→ PROBLEM STATEMENT: Line by line, repeat the material below exactly and skip the images.

→ SUPPLIED DATA:
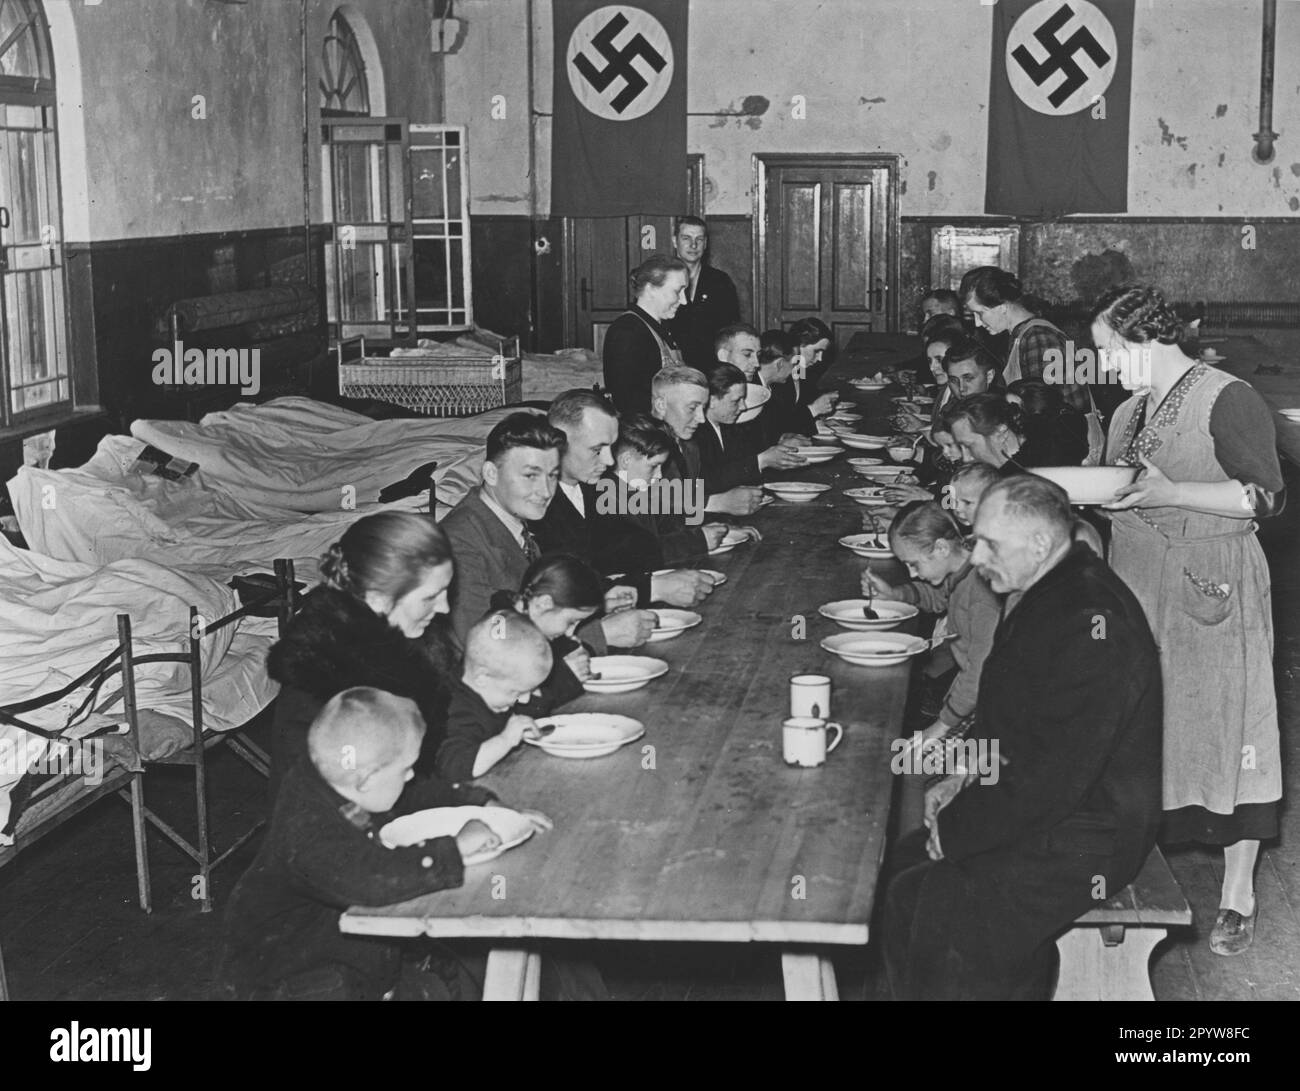 Die sogenannten ethnischen deutschen Flüchtlinge aus Pomerelien werden von NSV-Mitgliedern in Notunterkünften, einem Gymnasium, an der deutschen Grenzstation Praust betreut, bevor sie nach Danzig geschickt werden. Foto: Schwahn. [Maschinelle Übersetzung] Stockfoto
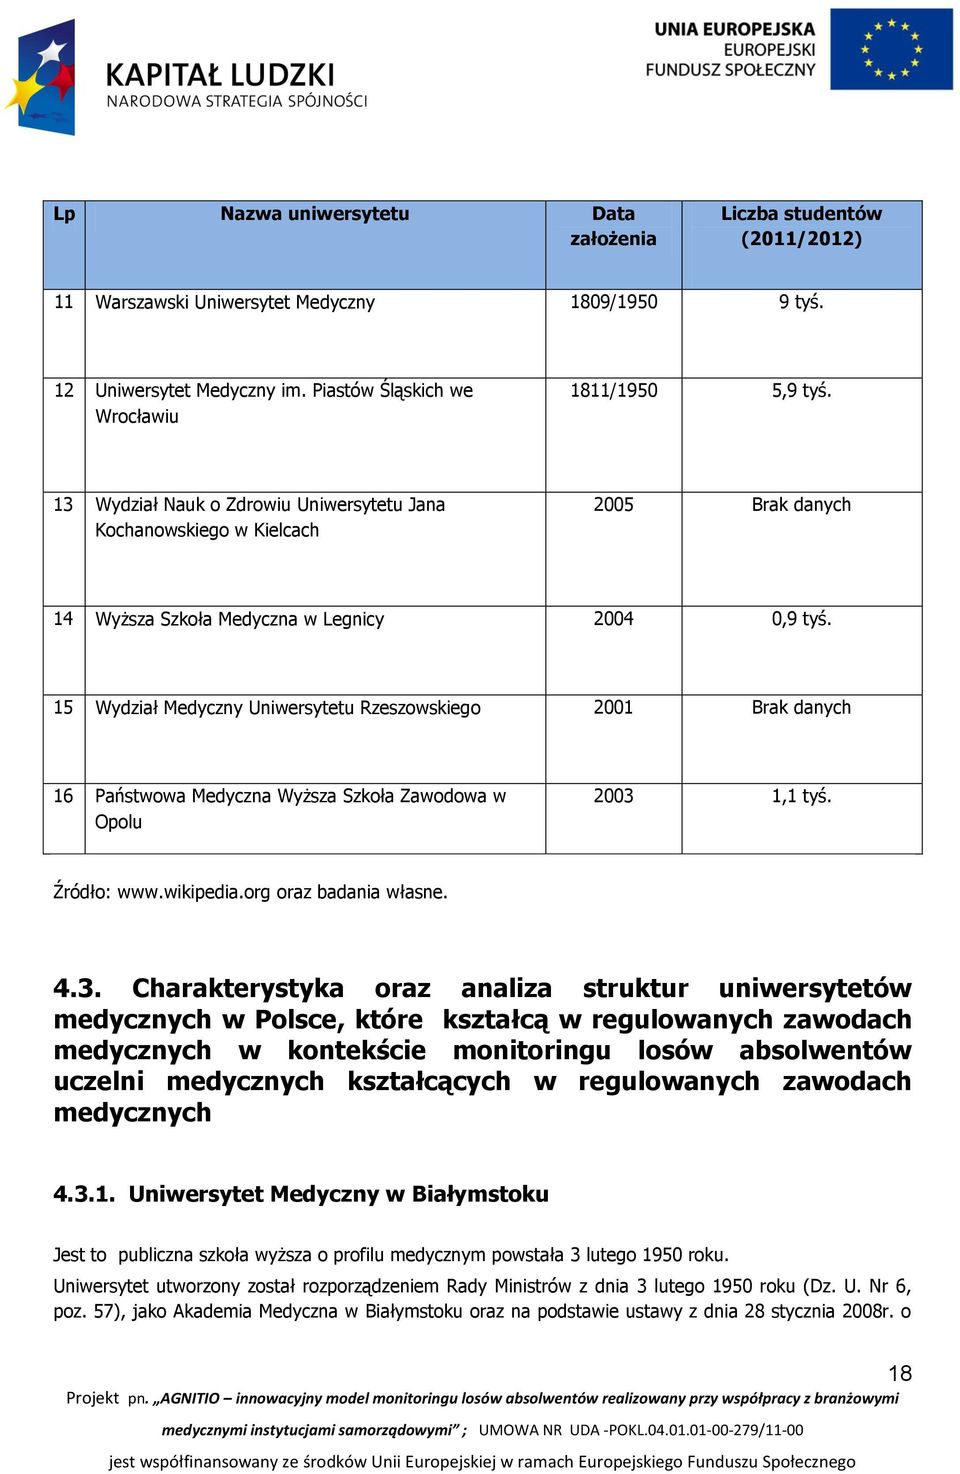 15 Wydział Medyczny Uniwersytetu Rzeszowskiego 2001 Brak danych 16 Państwowa Medyczna Wyższa Szkoła Zawodowa w Opolu 2003 
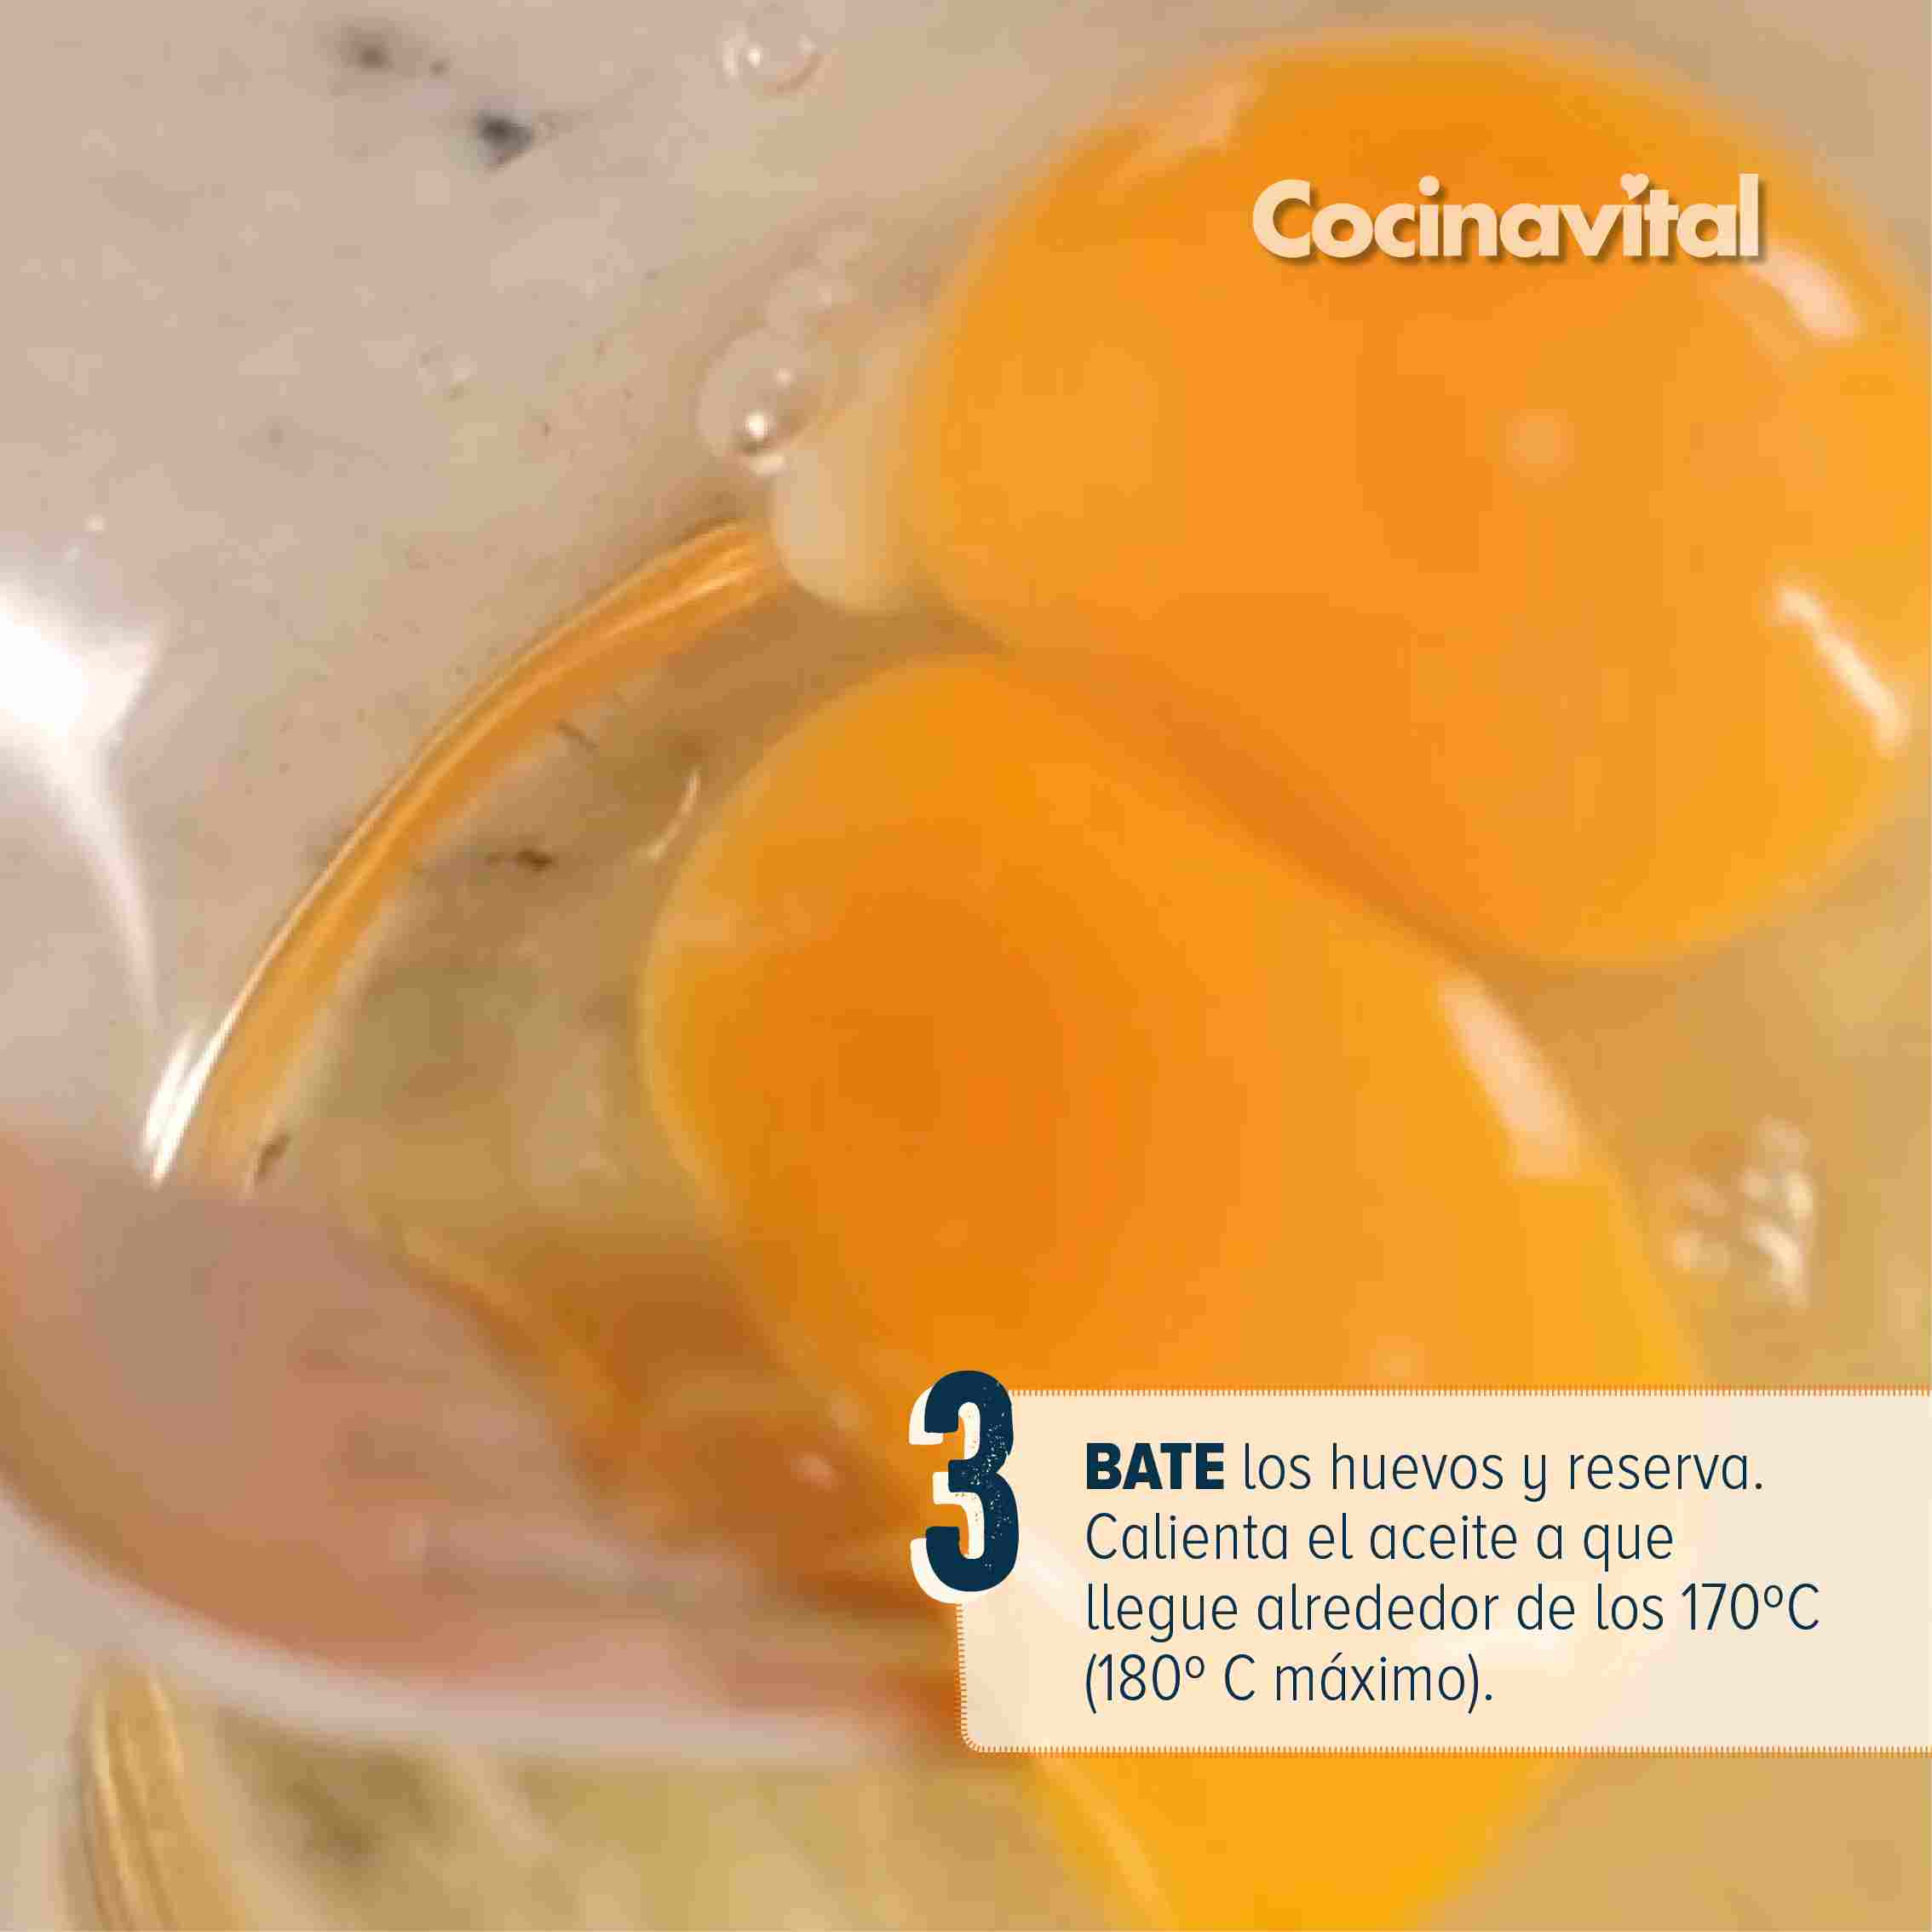 Bate los huevos

→ SOLVED EXERCISE:
 Die sogenannten ethnischen deutschen Flüchtlinge aus Pomerelien werden von NSV-Mitgliedern in Notunterkünften, einem Gymnasium, an der deutschen Grenzstation Praust betreut, bevor sie nach Danzig geschickt werden. Foto: Schwahn. [Maschinelle Übersetzung] Stockfoto
 15 Wydział Medyczny Uniwersytetu Rzeszowskiego 2001 Brak danych 16 Państwowa Medyczna Wyższa Szkoła Zawodowa w Opolu 2003 
 Bate los huevos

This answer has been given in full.